Pero ese no fue su único movimiento en favor de la reconciliación; Luis se guarda bajo la manga una infinidad de ellos. El más destacado consistió en conseguir el indulto de los militares que se habían alzado contra la Monarquía en Jaca y que habían sido condenados a muerte o a cadena perpetua. «¿Qué podría decir yo en cuanto a la obra de mi último Gobierno? Casi todas sus promesas fueron cumplidas. Puso en libertad al Comité revolucionario, indultó a Sediles por el trágico episodio de Jaca, logró […] un crédito encaminado a estabilizar la peseta, se ocupó del problema del paro y, por fin, fijó la fecha de las elecciones», explicó el mismo almirante.
Último defensor
Luis ha buceado durante años en todos los archivos, personales e institucionales, y aporta pruebas de que la presidencia de Aznar fue aplaudida dentro y fuera de España. Por eso le entristece que haya caído en el olvido. Aunque lo entiende, dado que su gabinete tuvo que enfrentarse a unos resultados electorales adversos y que han generado ríos de tinta durante ocho décadas. «El cómputo global de concejales fue muy favorable a la Monarquía, pero las capitales de provincia, que era donde estaba la prensa, las ganó la Conjunción Republicano-Socialista. Aquello fue un ‘shock’ para todos; en primer lugar, para el Gobierno. No se creían aquello ni los mismos lideres favorables a la República», añade el descendiente.
Para Aznar, la Monarquía no era una cuestión baladí. Y va un ejemplo: su nombramiento como Caballero de la Real Orden del Toisón de Oro se contó entre los momentos más emotivos de su vida. El resultado de las elecciones fue para él un duro golpe, aunque fue peor saber que Su Majestad barajaba abandonar España. «Con gesto de desesperación, no pudo reprimir las lágrimas», escribió Romanones. La decisión quedó ratificada tras hondas deliberaciones y con el peso del asesinato del Zar en la retina. El almirante, como hombre de confianza de Alfonso XIII, fue el encargado de preparar el último viaje que este hizo como monarca. «Decidió que saliera en barco por el puerto de Cartagena. Otro tanto hizo con la reina, que se fue en tren», añade Luis.

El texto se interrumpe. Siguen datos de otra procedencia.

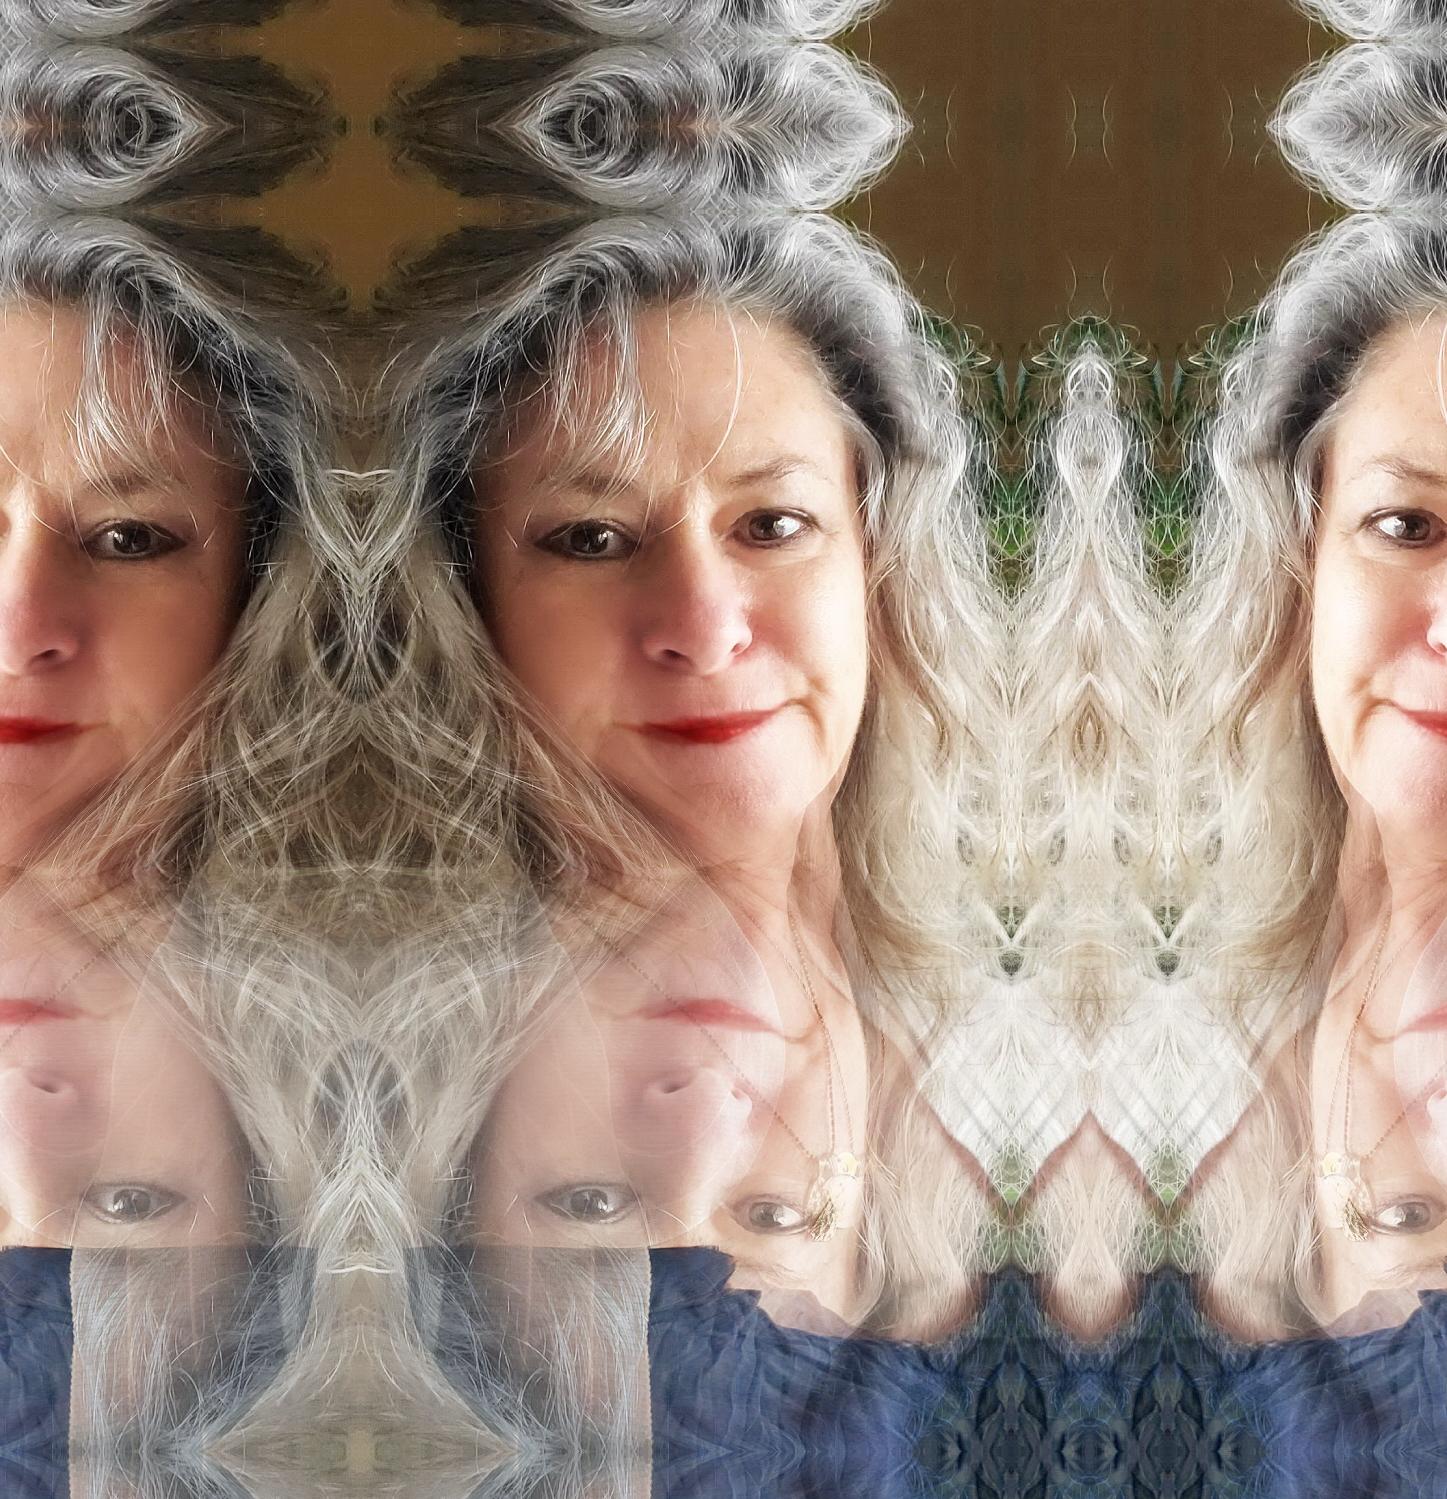 Author, Poet, Multigenre Creative

Tras el advenimiento de la República, el almirante se mostró leal al nuevo régimen como Capitán General de la Armada que era. «Aznar visitó a Niceto Alcalá-Zamora, el nuevo presidente, y le dijo que estaba a su disposición. Pero este fue muy mezquino y tuvieron un encontronazo», desvela Luis. Los pormenores, insiste, los narra en su libro. En la práctica, dimitió y se volvió a la que era una de sus tierras soñadas: Cartagena. El olor a sal y el sonido de los submarinos que salían del puerto le encandilaban. Poco después, el 20 de febrero de 1933, expiró su último aliento en aquel Madrid desde el que había dirigido el destino de España.
Luis, sin embargo, prefiere quedarse con las otras facetas del almirante; esas que solo conocían sus amigos y familiares. Su gusto por la música, por ejemplo. «Mantuvo la presidencia de la Asociación de Cultura Musical hasta su muerte. Organizaba conciertos, traía a grandes figuras a cantar a la capital…». O su pasión por la cultura. «Era un lector impenitente. Yo conocí gran parte de su biblioteca. Aumento su colección hasta poco antes de morir», sentencia. Esta, insiste, sí es una buena imagen para despedirse de un hombre que no quería ser político, pero al que no le quedó más remedio.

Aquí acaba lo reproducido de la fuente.